Advice works when, for some reason, the owner is unusually receptive and keen to change, and when it comes from or through someone that the owner trusts to produce the change. It’s an opportunistic, entrepreneurial process. Not a corporate planning exercise.

Trouble is most advisors aren’t business experienced entrepreneurs. They’re more likely ex-corporate executives or experts who, though they think they understand the SME owner, have never experienced actually having their own tender parts on the line; have always spent someone else’s money with only a salary and bonuses at risk. 

And that’s not all. 50% of current SME owners are 55-70 yr old baby-boomers whose success in business is largely due to an exceptional coincidence of market opportunity and technical and entrepreneurial talent. Over 90% of SME start-ups disappear within 3 years. Only about 2% grow to be more that a job for the owner. 

That 2% aren’t successful because they went to university. More likely they left school early. They’re not successful because they read endless business books or adopted every new TQM, Zero Defect, Process Re-Engineering or whatever Management fad that raged virus-like through the corporate world.

They’re successful because of who they are, what they’re naturally good at, what they happened to do, and when they happened to do it. Why would they be keen to change, especially when the advice comes from a stranger claiming to have the answer?
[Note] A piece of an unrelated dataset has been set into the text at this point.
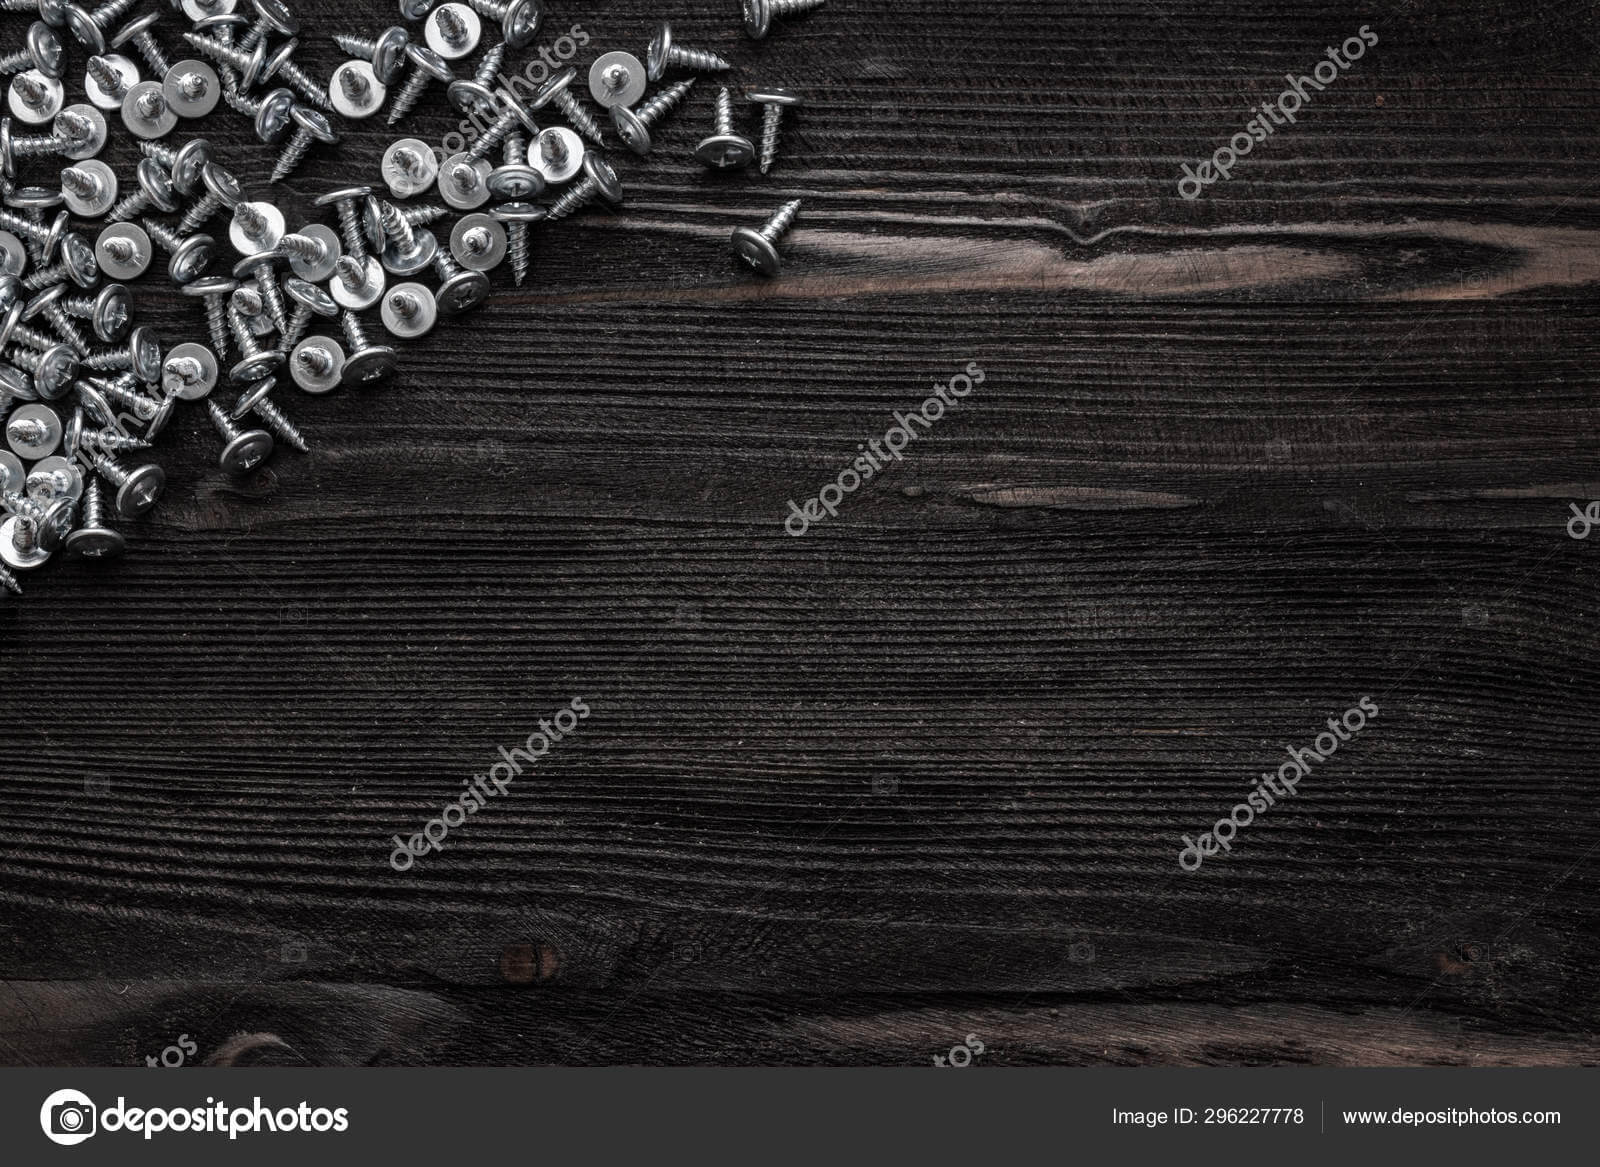 Some Wood Crews On Dark Wooden Desk Board Surface. Top View For Borderless Certificate Templates

A current example from my experience is a substantial client whom we met through a long trusted agent/advisor of his who is also a trusted business friend of ours. The introduction coincided with the client facing unexpected demand for a new product he’d developed. 

In conversation we learn that although 70 next birthday, he’s tired of being the general and operations manager - at the centre of everything – because he wants to focus on what he loves and is good at – developing new products and processes. He has a list of possible projects. 

I ask him, “In the best of all possible worlds, how many of these projects would you like to take to fruition.” “All of them,” he says.  “What’s stopping you?” I ask. He’s silent for a moment then replies, “No one asked me that before. My bank manager, accountant, solicitor and friends all ask “What would you want to that for (at your age)?”” “Look”, I say, “there isn’t much you don’t know about your industry and we personally know very little. So we're not proposing to teach you to suck eggs. But we do have the skills, knowledge, direct experience and network to help you remove the barriers to achieving your goal; to profitably exit what you don’t like, profitably get into what you do. It’ll take 3-4 years and involve a lot of change, including you.” 

To cut the story short, we’re eight months into the project on his condition: that we complete it in 2 years not 3-4. 

We aren’t “doing TOC” with him per se, or “one-page-plan” or any other “tool” or programme. But we are using those and many other approaches and techniques in a rolling-wave project to achieve his goals. In the process we're engaging with him and his people experientially so that in two years that knowledge and skill will be “built into” the organisation(s). The bits he then sells for a high price will be a great buy for new owners who likely are or want to be global magnates. He can keep the other highly profitable bits he likes. 

The thing is we met him at that right time and through connections he trusts. Notice also that like him we are also baby boomers and like him we are also SME experienced entrepreneurs. Unlike him we have high-level specialist business skills and knowledge that he knows he lacks. He trusts us and we trust him too.